> [GIVEN DATA]:
BEGIN

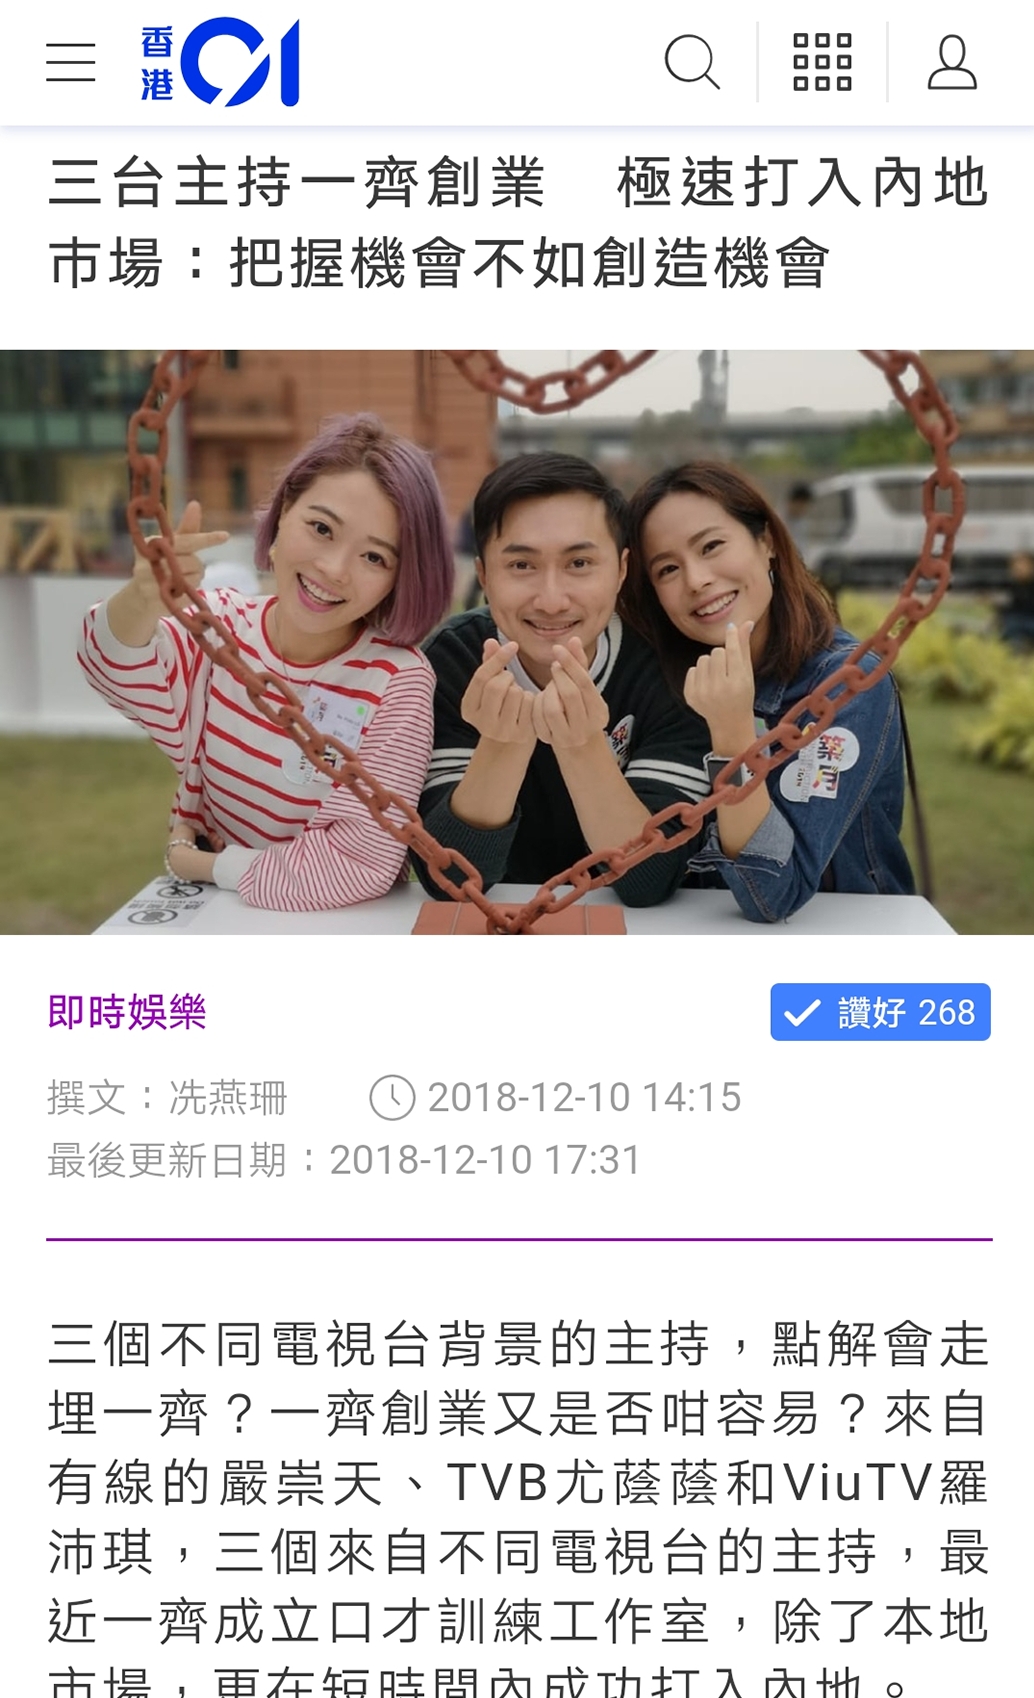 Pinky Lo 羅沛琪 司儀傳媒報導: Viu TV 主持攜手與TVB 及有線主持一起開司儀培訓工作室
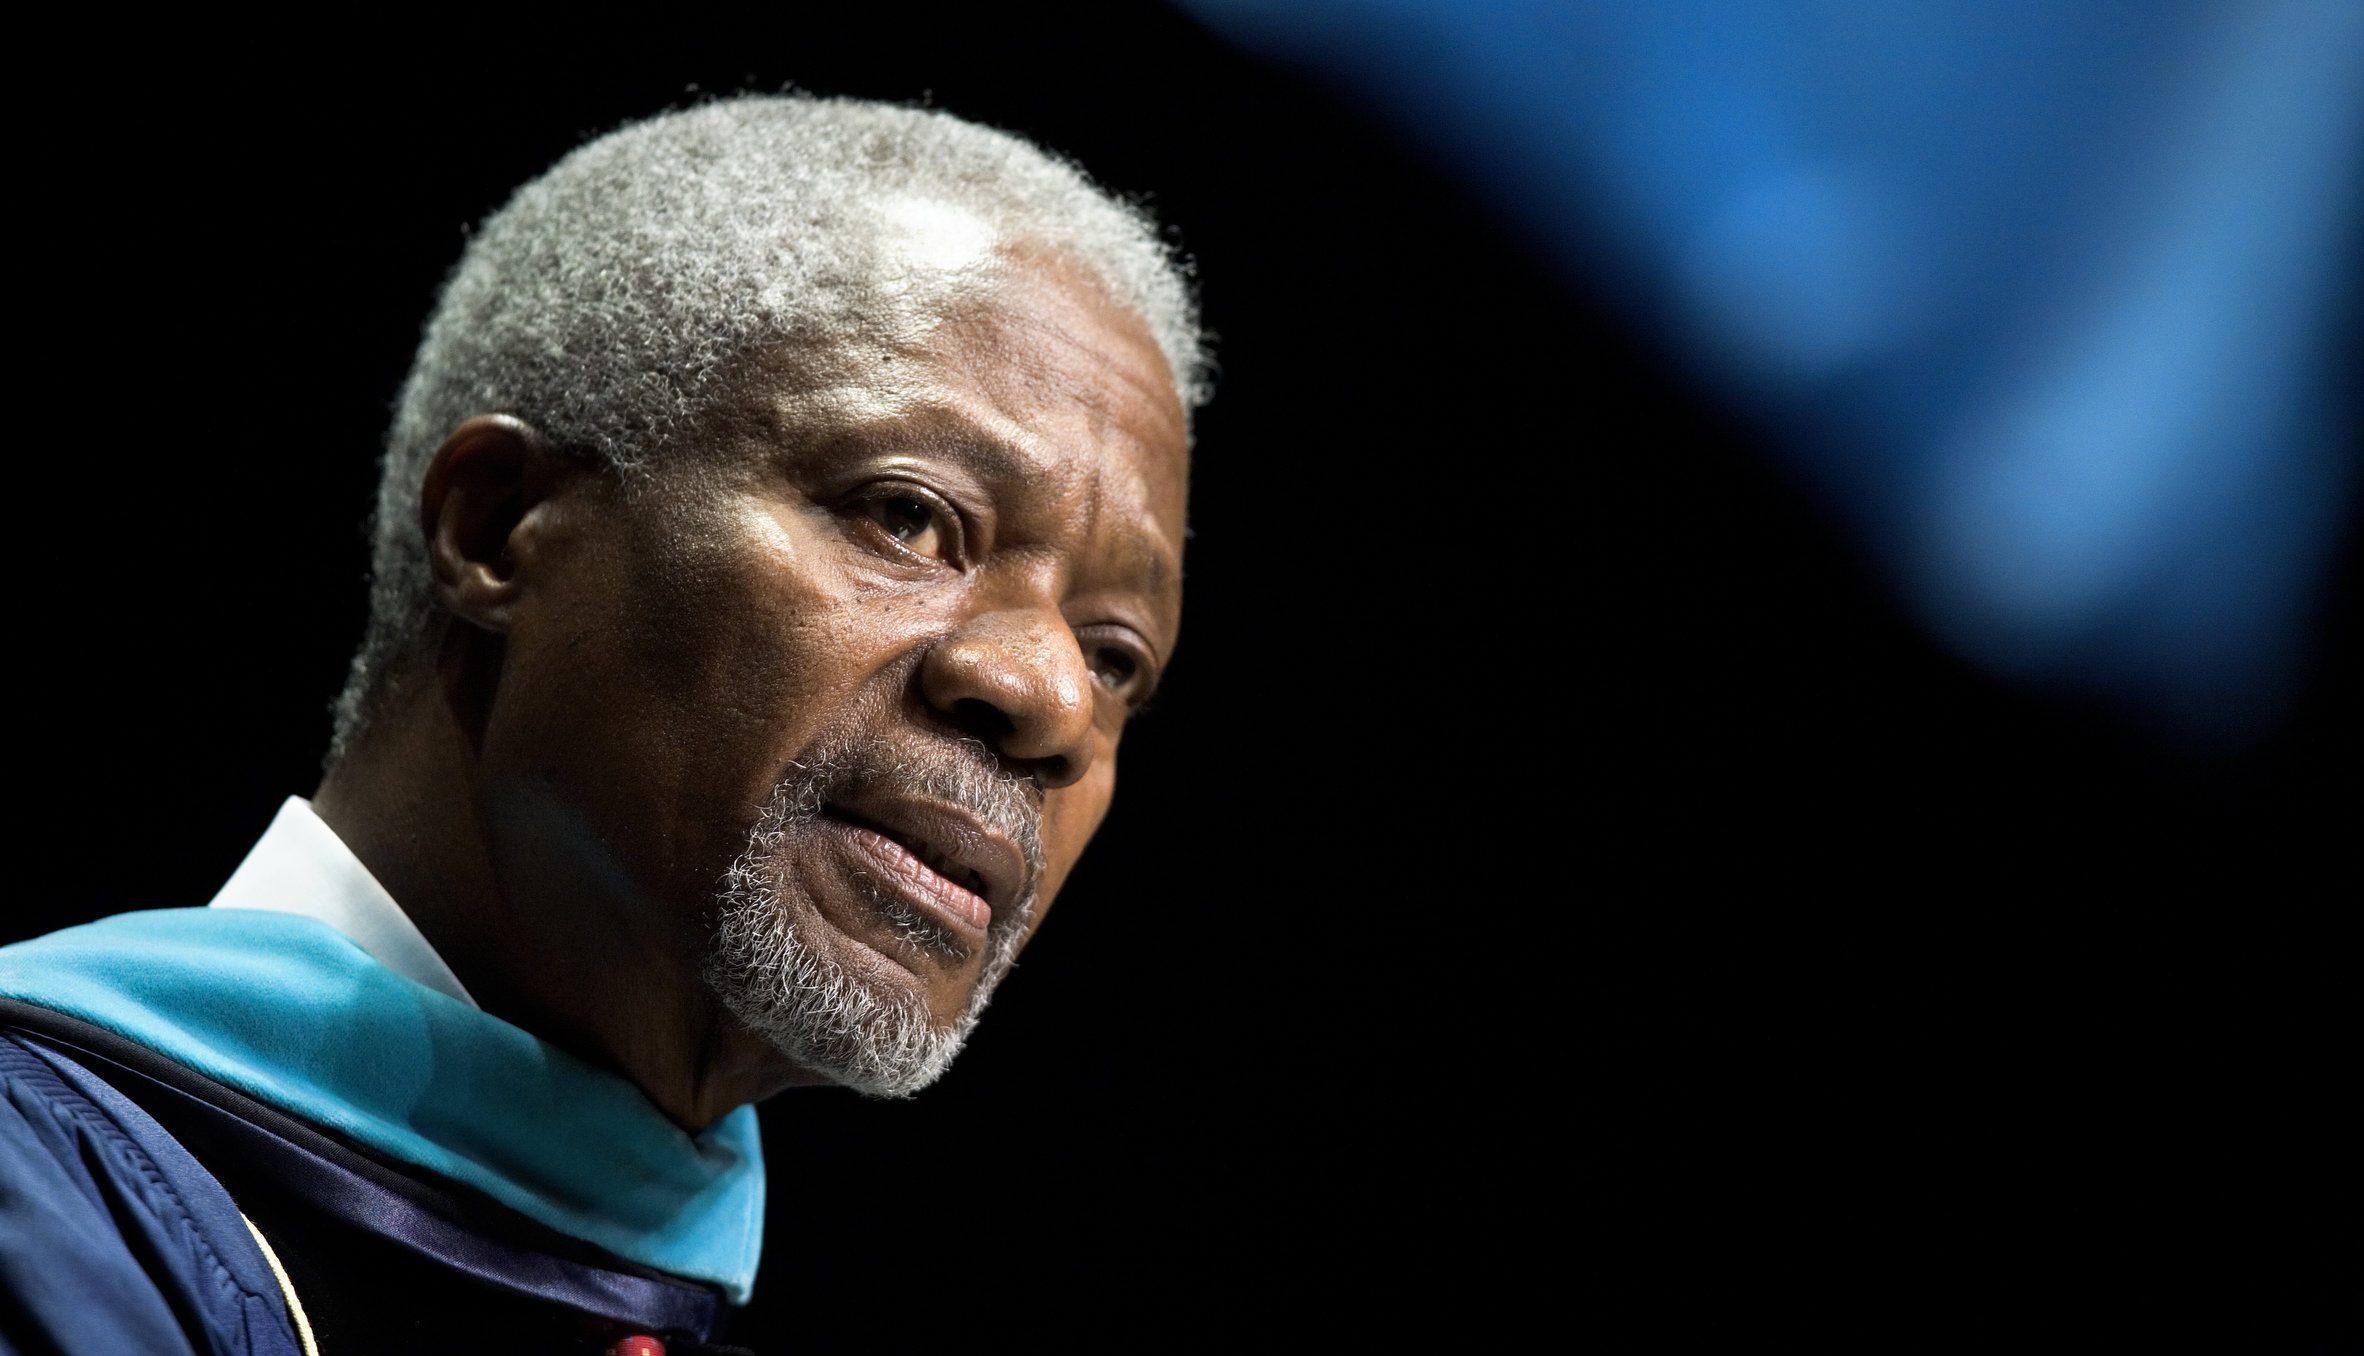 Muere Kofi Annan, el ex secretario general de la ONU llamado la estrella de la diplomacia
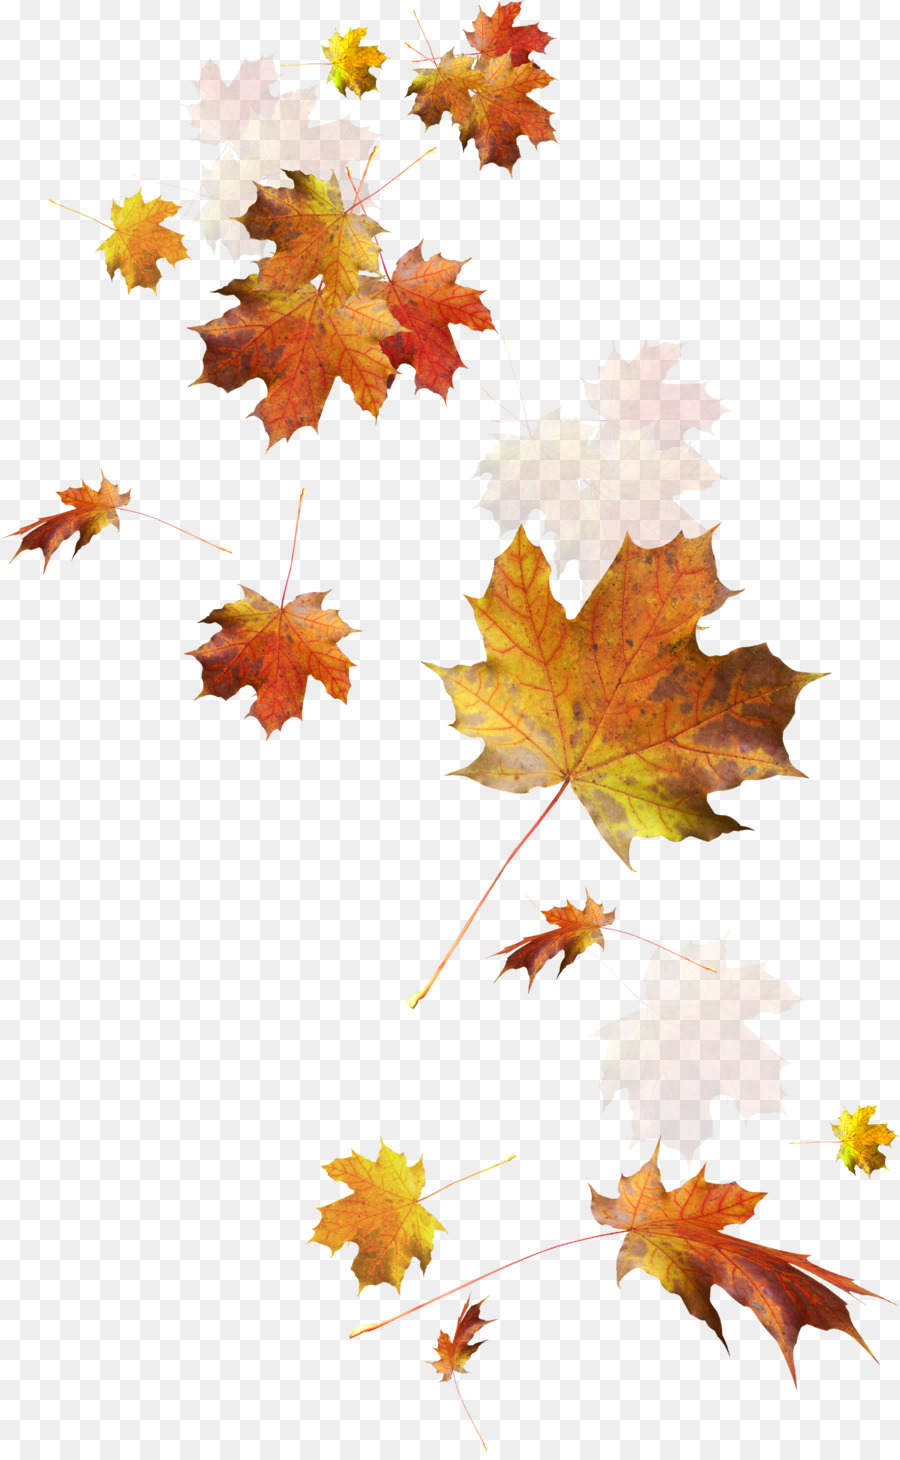 Autumn Leaves Autumn leaf color - Falling leaves png download - 1611*2598 - Free Transparent Autumn Leaf Color png Download.

END

> [EXERCISE DESCRIPTION]:
Once you find the line with "Muere Kofi Annan, el", restate it and every later line of the data word for word, excluding the pictures.

> [TASK RESULT]:
 Muere Kofi Annan, el ex secretario general de la ONU llamado la estrella de la diplomacia
 Autumn Leaves Autumn leaf color - Falling leaves png download - 1611*2598 - Free Transparent Autumn Leaf Color png Download.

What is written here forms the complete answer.